The primary unit of analysis is the clinic (not the patient) because clinic leaders set organizational policies and processes that affect patient care. The study’s main goal was identifying which components of improvement collaboratives are most effective in helping clinics reduce waiting time to enter treatment, enhance treatment retention, and increase the number of new patients.
NIATx 200 was a cluster-randomized trial conducted according to the CONSORT criteria in 201 addiction treatment clinics in five U.S. states. NIATx (the Network for the Improvement of Addiction Treatment), a research center at the University of Wisconsin–Madison, promotes process improvements in addiction treatment. Details about the methods have been previously published.9 Eligible clinics were publicly funded outpatient and intensive outpatient clinics with at least 60 patients annually and no previous NIATx experience. All patients seen within an enrolled clinic were included in the analysis.
Clinics were randomized into one of four groups that used different components of improvement collaboratives:1,10,11 (1) interest circle calls, (2) coaching, (3) learning sessions, and (4) the combination of all three components. Clinics, randomized within states, were stratified by size (measured in number of patients per year) and management score.12 University of Wisconsin researchers enrolled clinics, generated the allocation sequence, and assigned clinics to groups using a computerized random number generator. Clinic staff and researchers were unblinded.

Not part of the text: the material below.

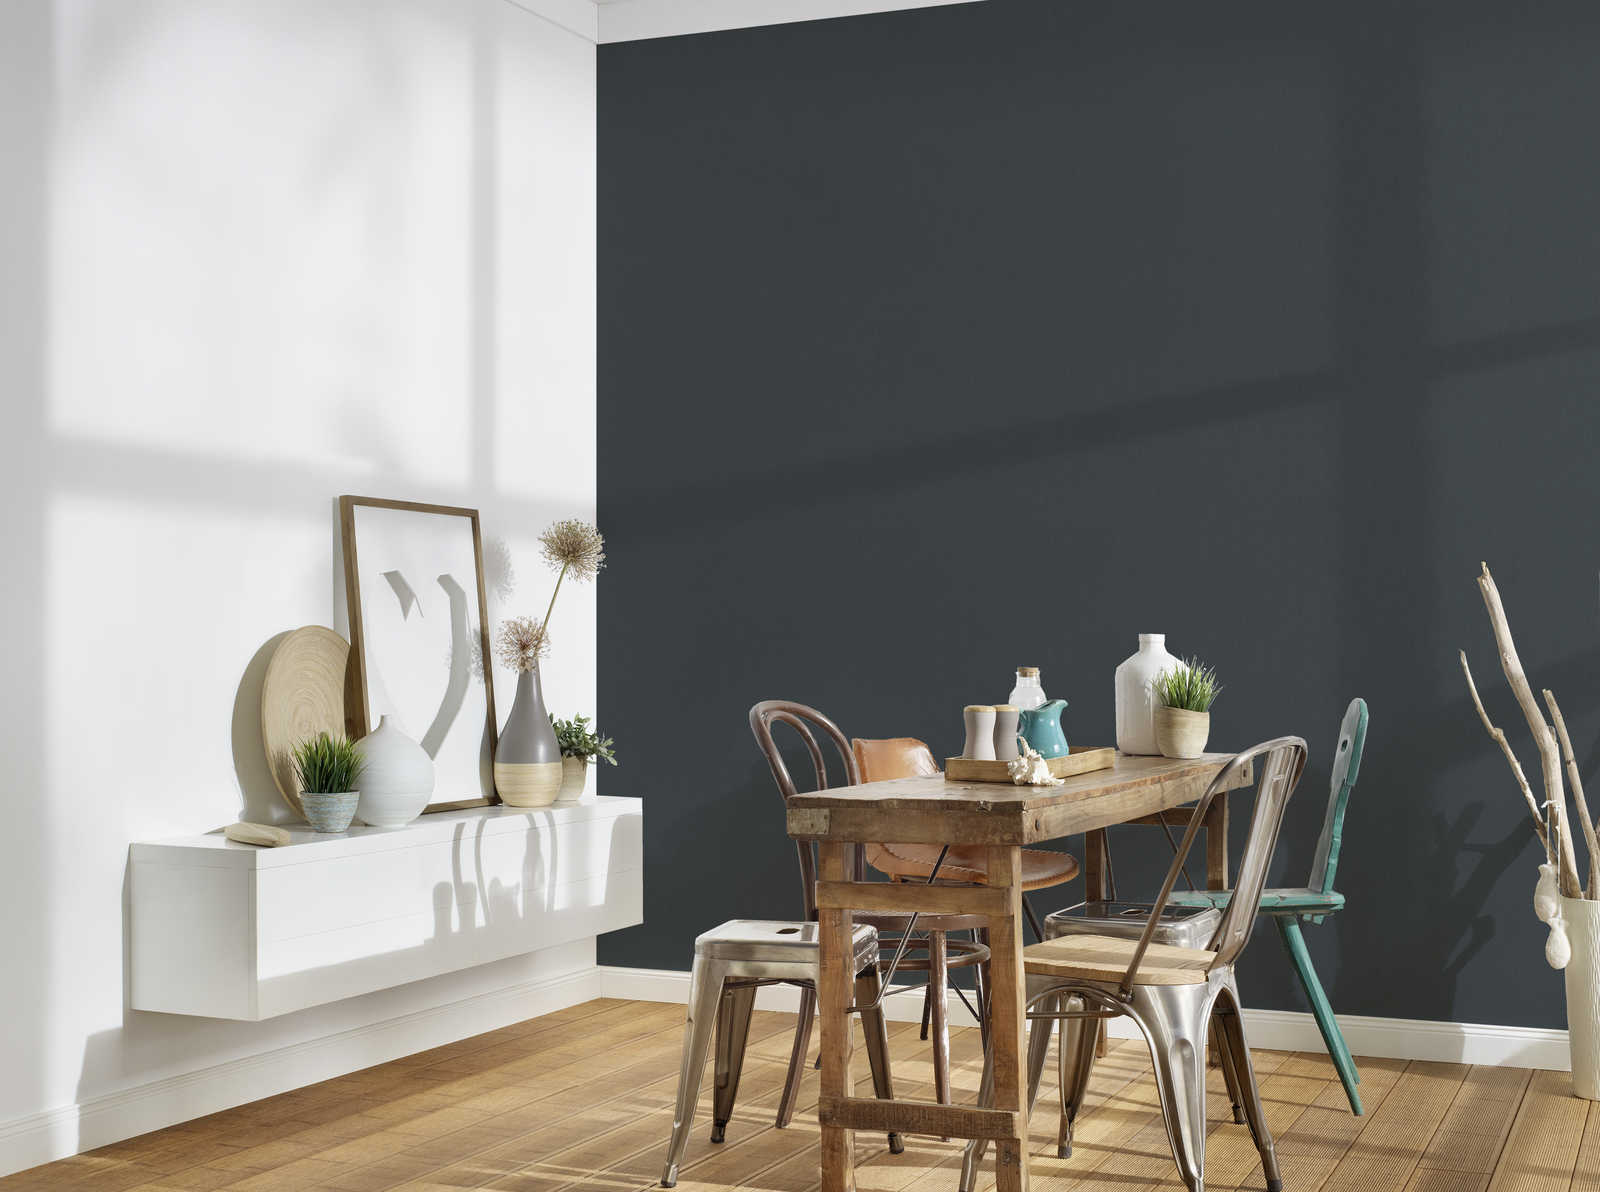             Wallpaper black matt with linen look & textile effect

The 18-month intervention, delivered at the clinic level, was divided into three 6-month periods, each with one aim and a set of web-based materials about NIATx 200 recommended practices, instructions on implementing changes, QI tools, measures, and case studies (Fig. 1).13,14 The goal was providing the same content to all participants, varied by the support provided. The components tested in this study come from Institute for Healthcare Improvement10 and NIATx14 models.
Interest circle calls were monthly teleconferences in which staff from different clinics learned from experts and discussed progress with one another. The calls were led by QI experts trained in the NIATx model.14 Interest circle calls provide a simple and inexpensive way for clinics to collaborate, but quality may vary by facilitator. In addition, the calls may conflict with some participants’ schedules, limiting participation. This was the lowest cost, lowest intensity study condition, and it functioned as a minimal intervention comparison group.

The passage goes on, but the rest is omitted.